◆ **DATA EXTRACT**
**********

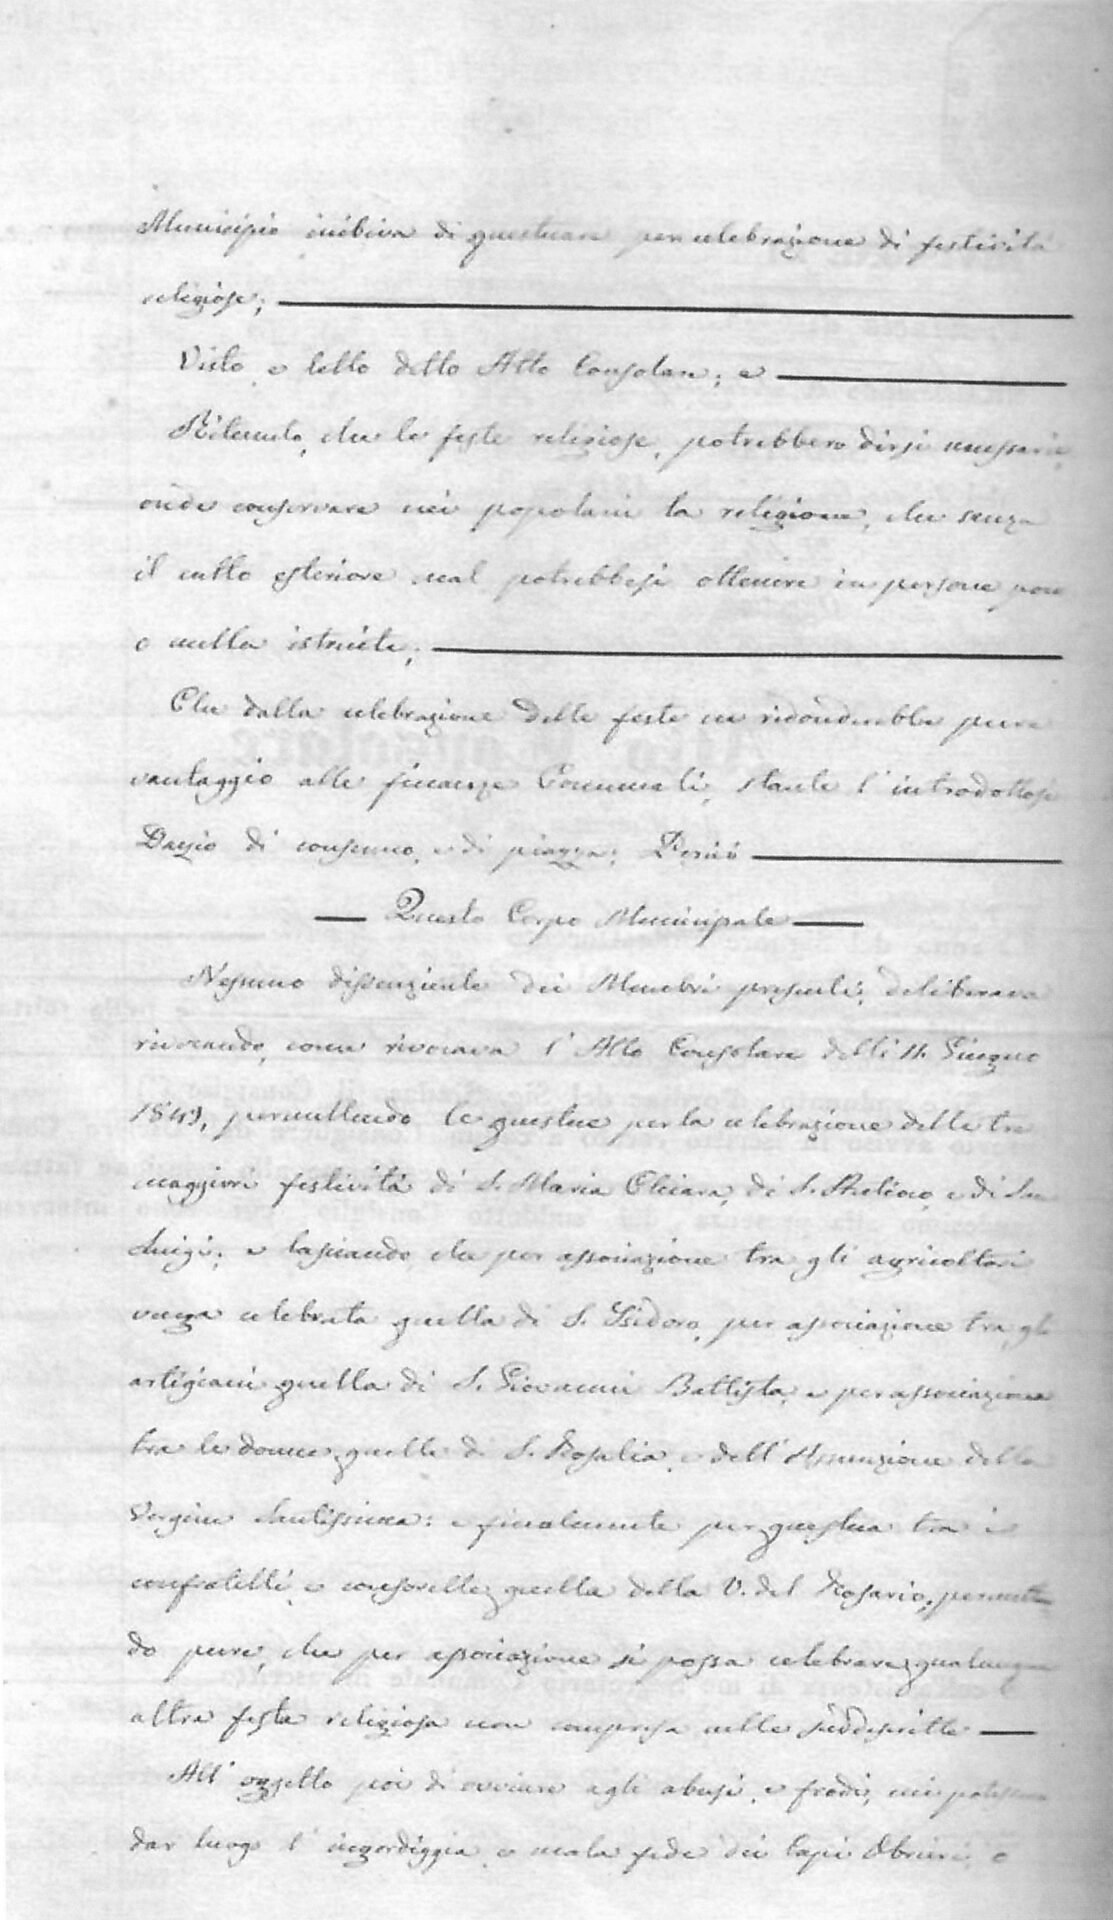 Fig. 2 ARCHIVIO COMUNALE DI CAGLIARI, Registro delle Deliberazioni di Consiglio, Vol. 2, c. 51., Consiglio Comunale di Pirri, delibera del 2 luglio 1857.
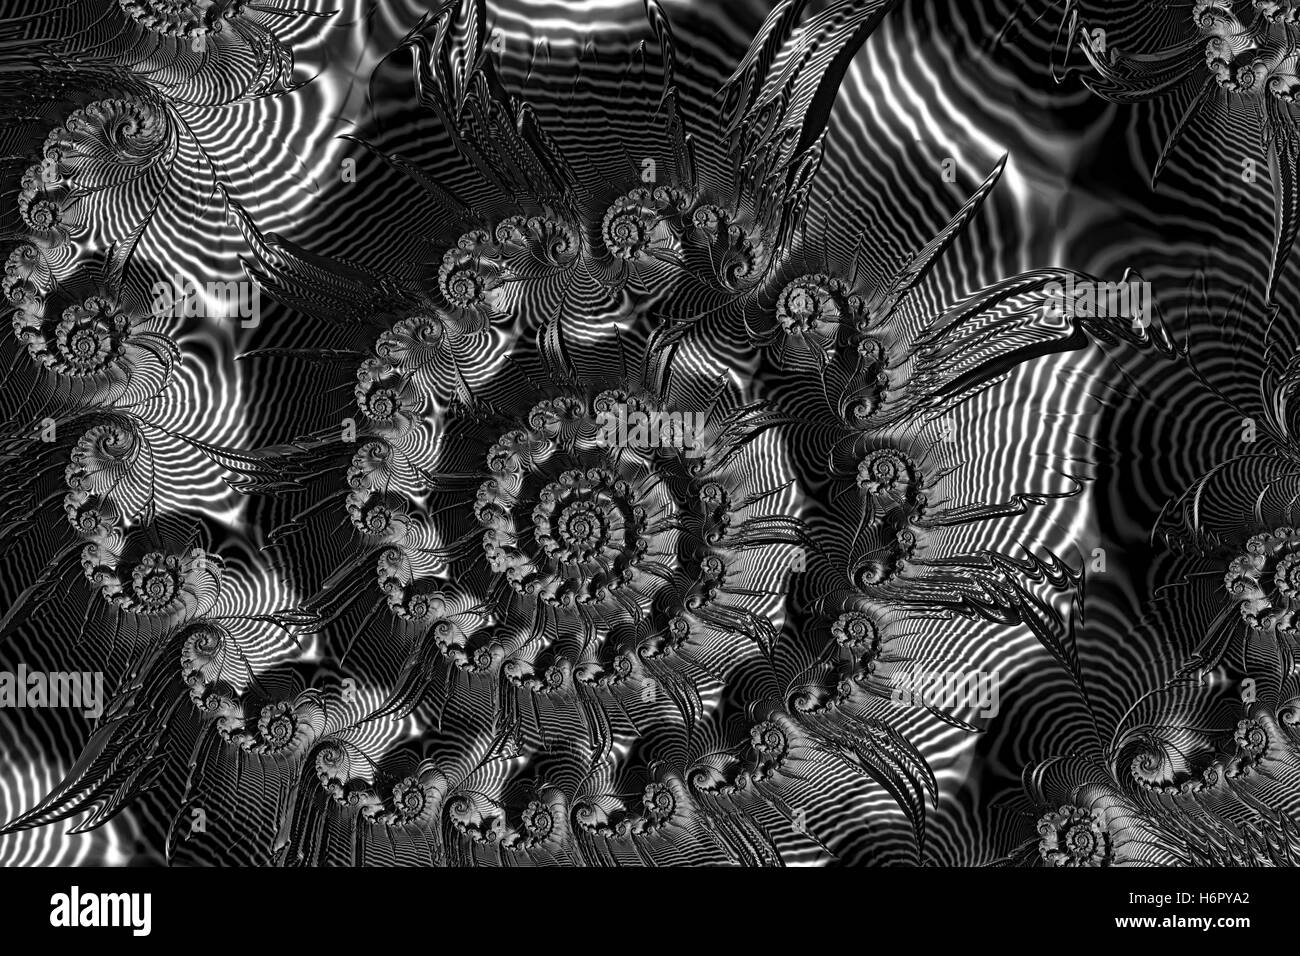 Résumé - spirale rayures image générée numériquement Banque D'Images
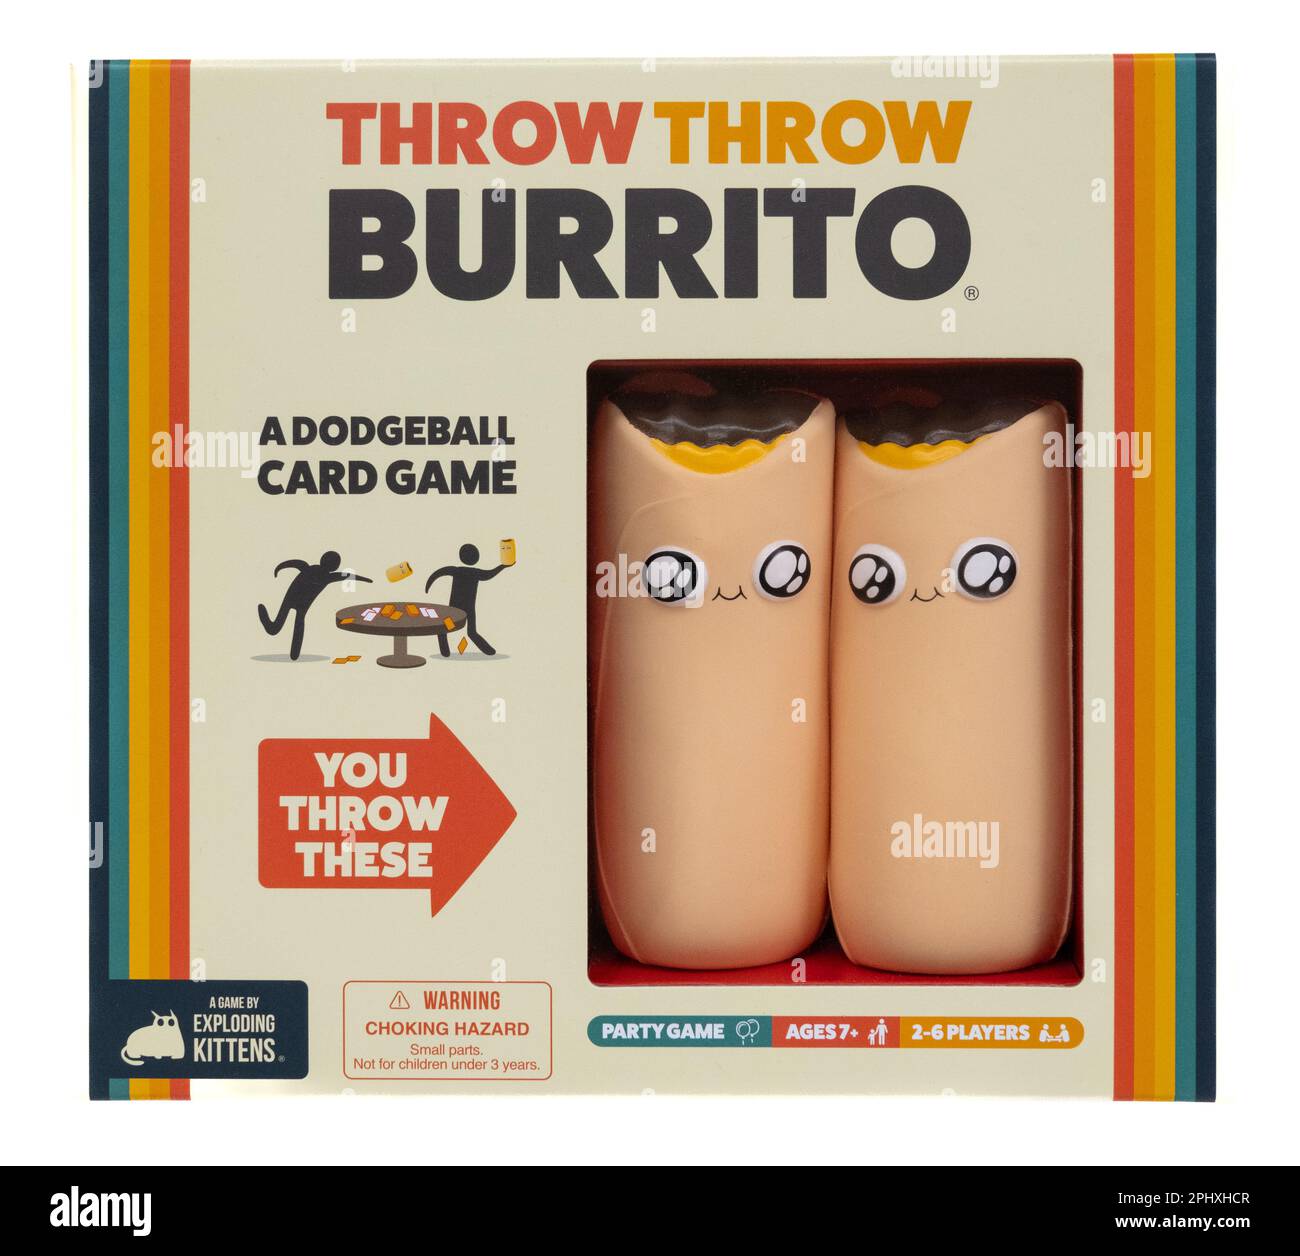 Throw Throw Burrito game Stock Photo
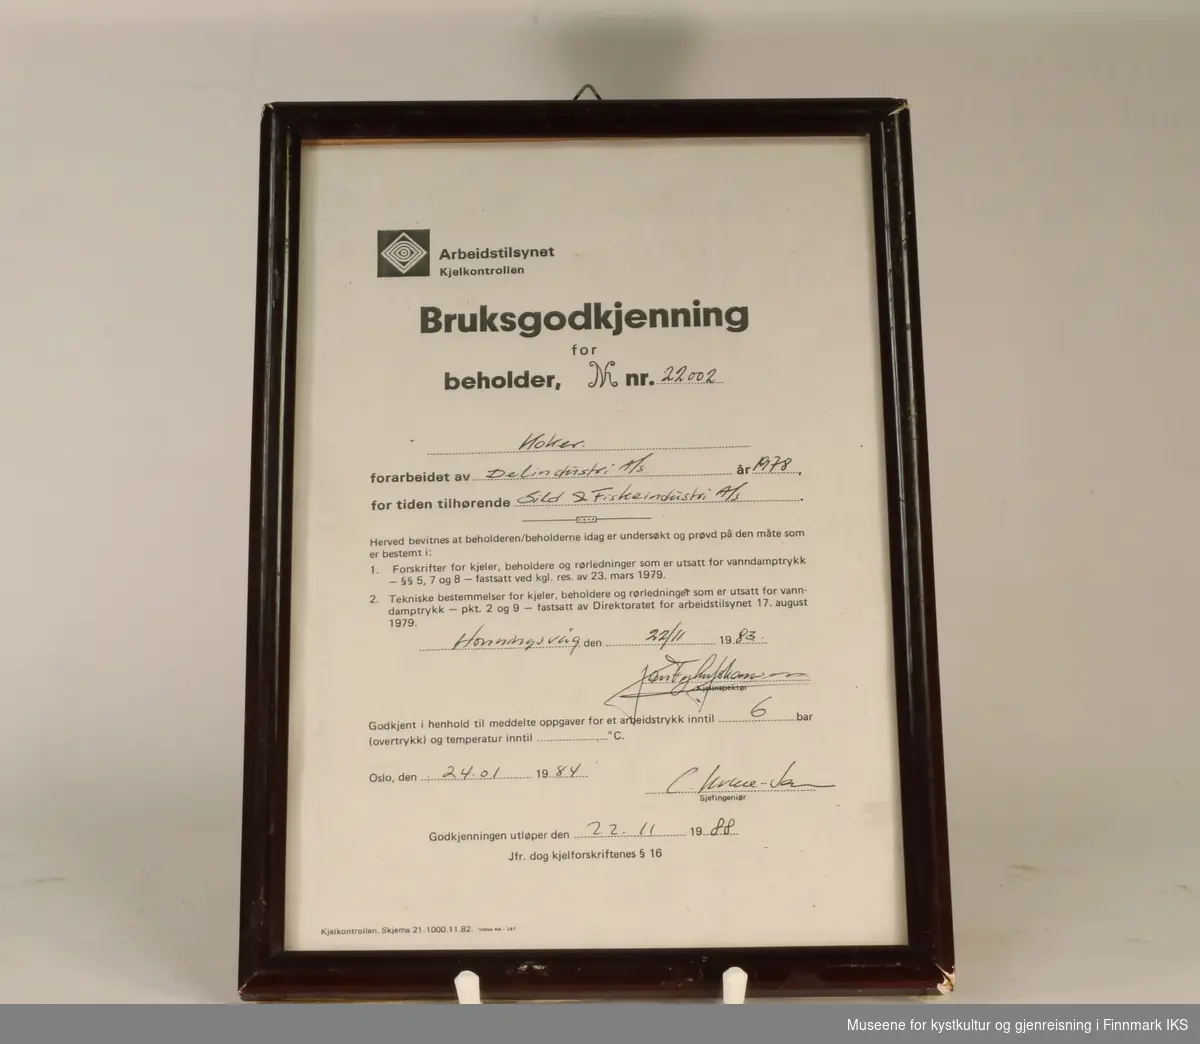 Bruksgodkjenning for koker (beholder nr. 22002) hos Sild & Fiskeindustri AS, utsendt av Arbeidstilsynet Kjelkontrollen i 1984. Hvitt papir med sort tekst. Utfylt for hånd. Innrammet.

**********

◆ **WHAT THE TASK REQUIRES**
Your answer must be the lines above from the one holding "Résumé - spirale" up to and including the one holding "Throw Throw Burrito game Stock Photo", exact and with no pictures.

◆ **EXERCISE RESULT**
 Résumé - spirale rayures image générée numériquement Banque D'Images
 Throw Throw Burrito game Stock Photo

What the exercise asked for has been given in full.